New Articles | Transparency

Cracking the shells

New rules in the European Union take aim at corporate secrecy

By M.V.

CORPORATE secrecy has shot up the global political agenda over the past couple of years. Non-governmental organisations (NGOs) have been kicking up a stink about the liberal use of anonymous shell companies—which exist on paper only, with no real employees or offices—by corrupt officials, money launderers and other financial ne’er-do-wells. For proof of the economic harm this can cause, look no further than the billions of dollars siphoned out of Ukraine through shady shells by Viktor Yanukovich and his cronies.

New legislation in the European Union, agreed on December 16th, marks a big step forward in the fight to curb such shenanigans, by centralising and shedding more light on information about who owns and controls companies. Under the new rules, countries will have to set up central registers of companies’ “beneficial” owners—that is, the real people behind firms or the ownership structures that sit atop them. Access to this information will have to be made available to law enforcement and relevant government agencies, such as tax authorities, and also to journalists and NGOs that can prove a “legitimate interest”. Information on trusts will also be collected in national registers, but this will be available only to government agencies. Member states will have two years to pass the new standards into law.

This is a remarkable victory for those who have campaigned to prise open ownership of the world’s millions of private firms and corporate structures. Just a few years ago, the idea was widely seen as a pipe dream. But that does not mean that anti-corruption activists are completely happy. “A system which limits access is likely to be more cumbersome, expensive and could be used as an excuse to deny meaningful public access. It remains unclear how countries will assess who has a ‘legitimate interest’,” said Carl Dolan of Transparency International, a campaigning group. “The compromise may end up replacing one big loophole with many small loopholes.”

Campaigners are also frustrated that there will be no public access to information on trusts, a private financial structure that holds assets for a beneficiary. Britain, which is home to many of these, had pushed for them to be more shielded from transparency than companies on the ground that they are private legal arrangements and thus more deserving of privacy than limited-liability corporate structures.

Countries can go further than the EU's new standards if they choose, and some have already said they plan to do so. Britain, France and Denmark, for instance, will offer full public disclosure of company owners—which the European Parliament voted overwhelmingly in favour of earlier this year. Ukraine plans to do the same. Others may soon feel obliged to follow suit.
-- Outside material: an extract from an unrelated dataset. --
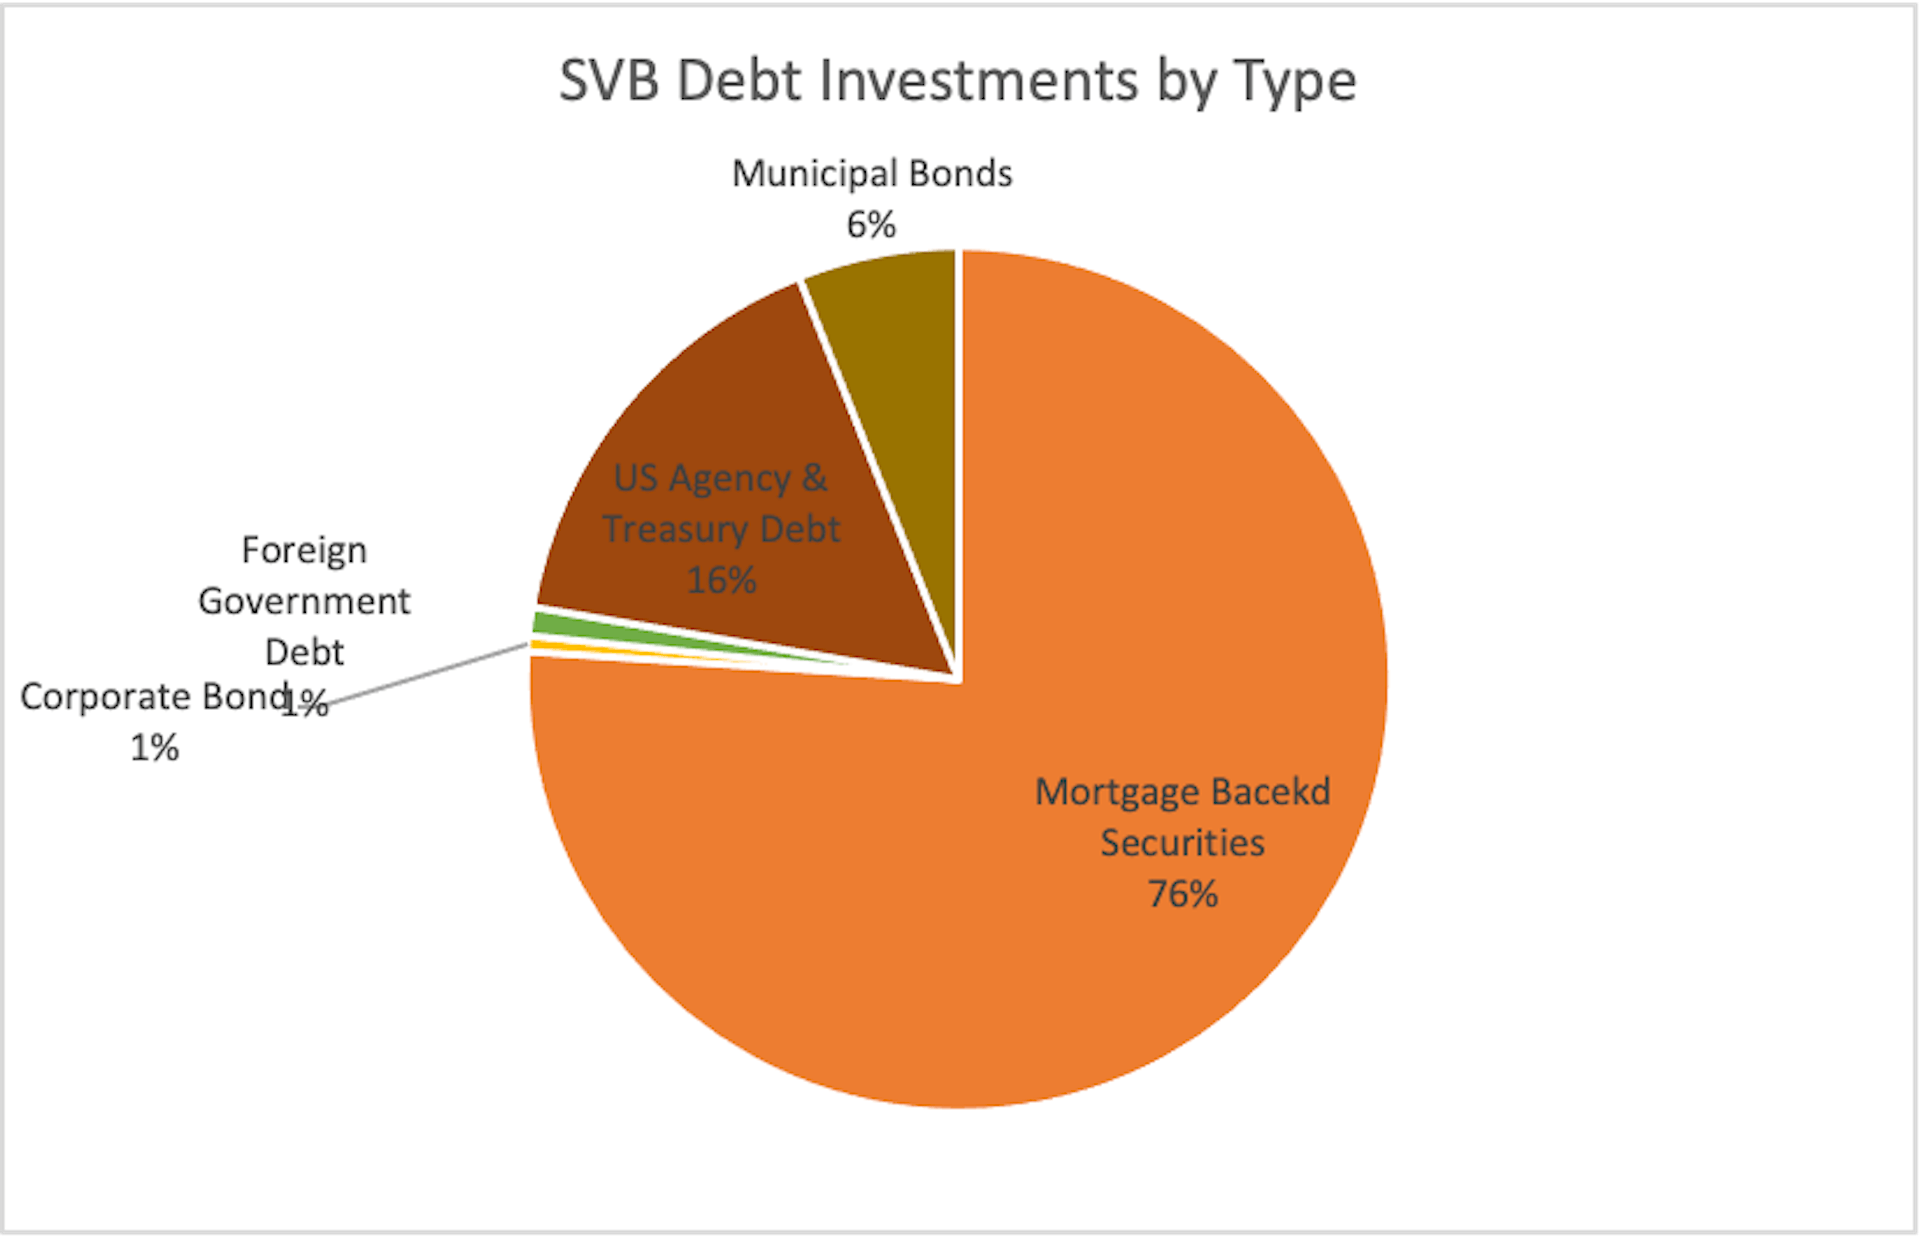 Silicon Valley Bank (SVB) debt by type

Europe’s move is a setback for those—including, but not limited to, practitioners and regulators in offshore financial centres—who say that central, publicly accessible registers are a bad idea. Their arguments span issues of financial privacy, the complexity of beneficial ownership (defining “control” is not always straightforward) and concerns that owners of dodgy companies will provide false or out-of-date information to registries.
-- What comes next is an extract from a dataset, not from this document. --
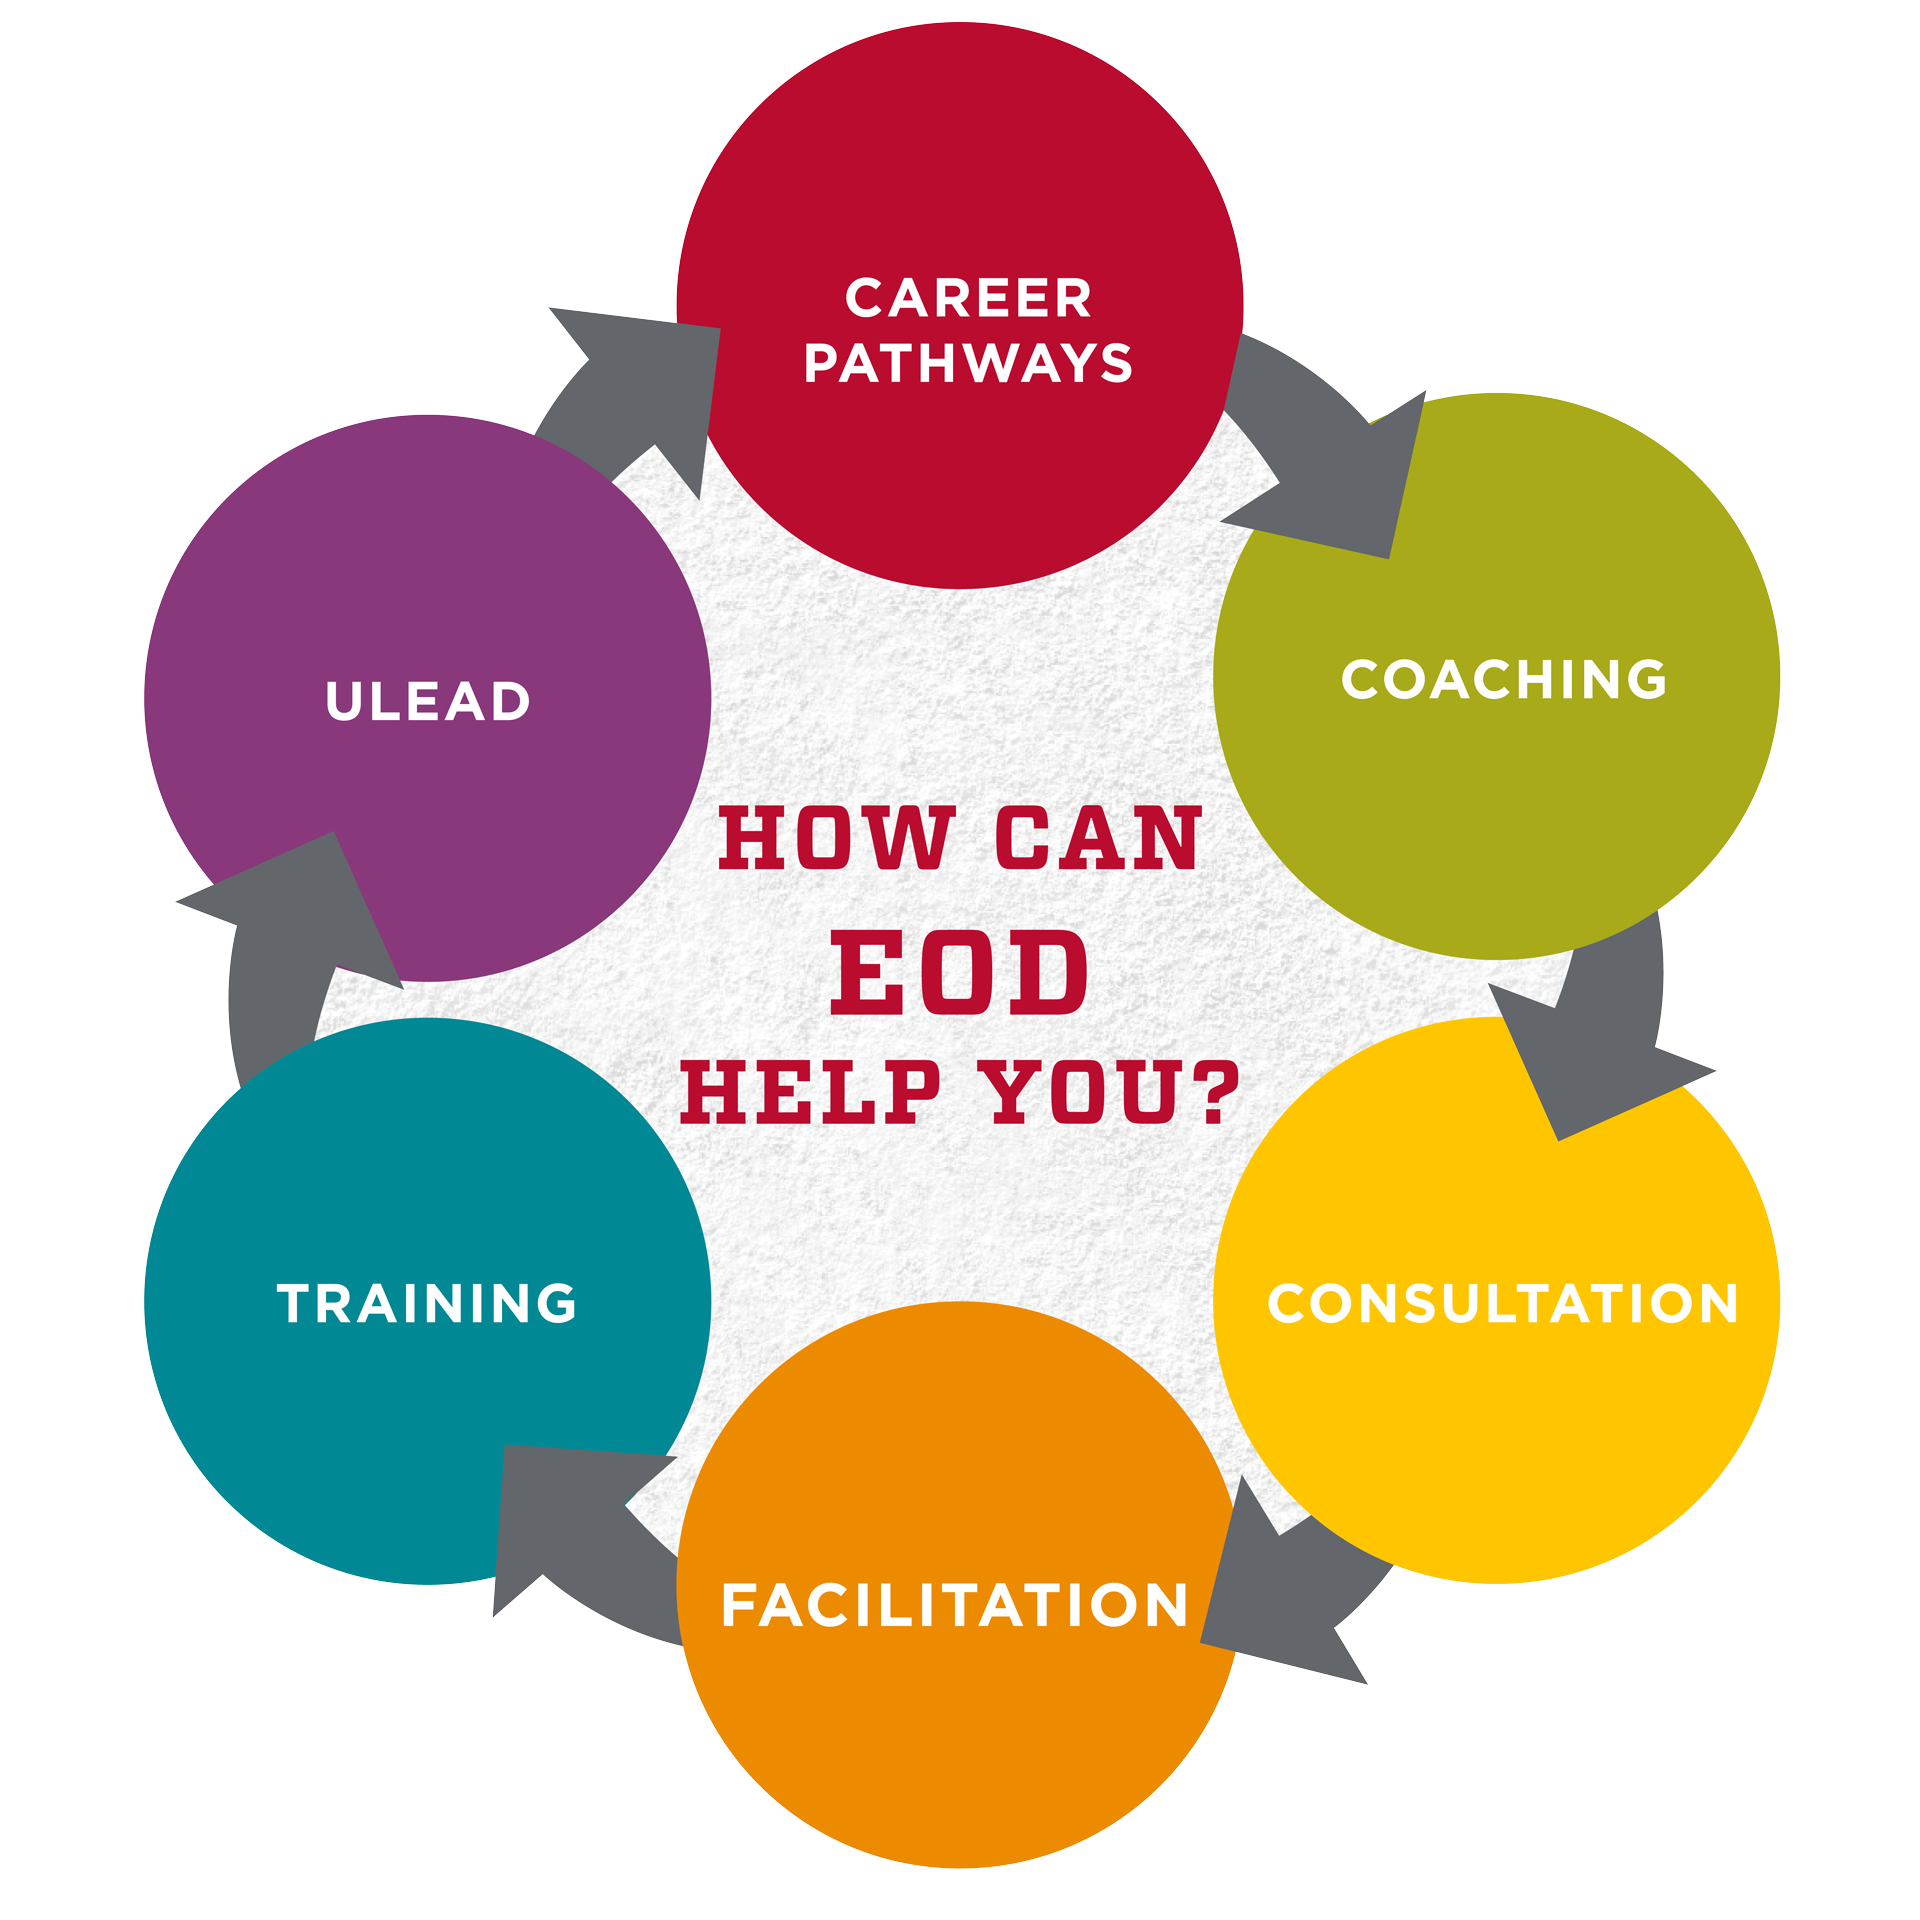 How can EOD help you? Career Pathways, Coaching, Consultation, Facilitation, Training, Ulead

A group of offshore financial regulators is pushing for an alternative approach, whereby the onus would be on the lawyers and other service providers that register companies to collect ownership information and to hand it over to the relevant authorities when presented with legitimate requests. Such an approach would work if these sorts of professionals are subject to proper regulation and harsh penalties for non-compliance, as they already are in some offshore centres. But campaign groups are strongly opposed because the proposal offers no public access.
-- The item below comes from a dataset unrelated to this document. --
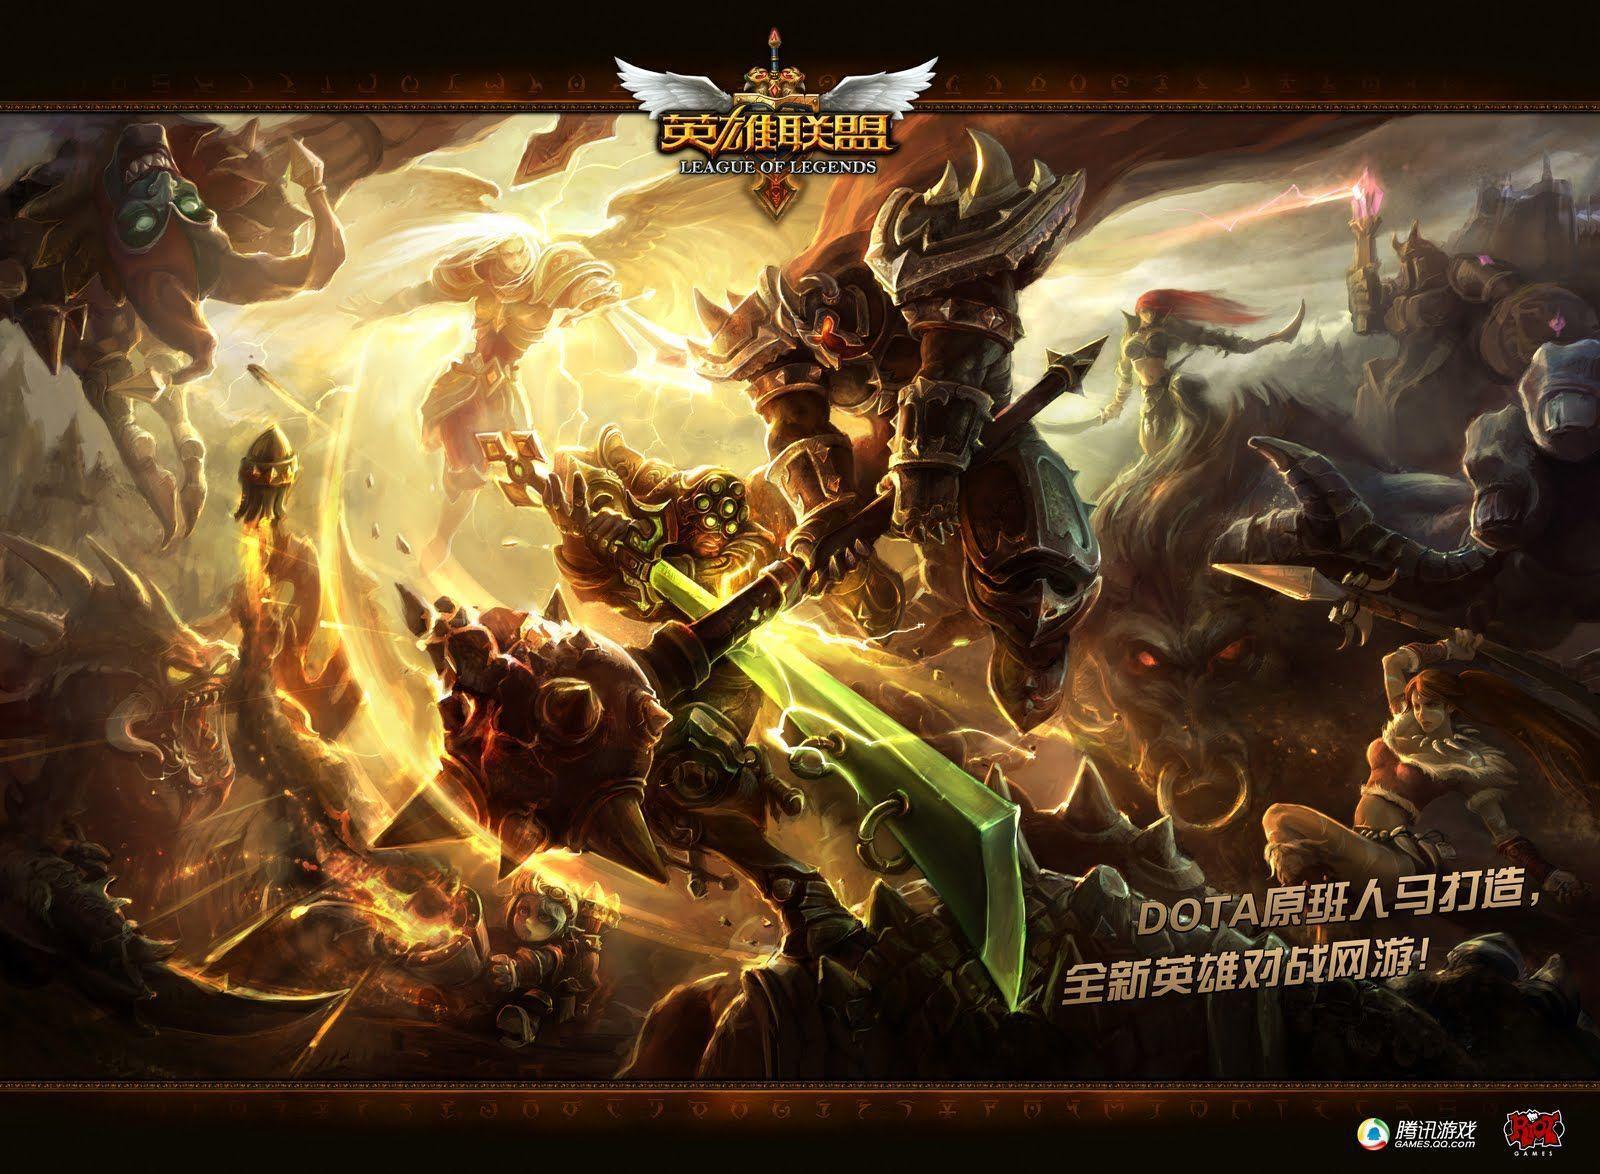 Chinese Dota League of Legends Background Wallpaper

Thanks to the EU's new rules, European law enforcers should soon find it easier to track the money flows of organised crime, bribe-takers and the like. That will help to push up detection rates for illicit funds, which are estimated to be as low as 1% worldwide, with a seizure rate of just 0.2%, according to the United Nations Office on Drugs and Crime. But the global picture remains patchy. Eyes will now turn back to America, where company registration is in the hands of individual states. There, corporate anonymity—and thus abuse—remains rife.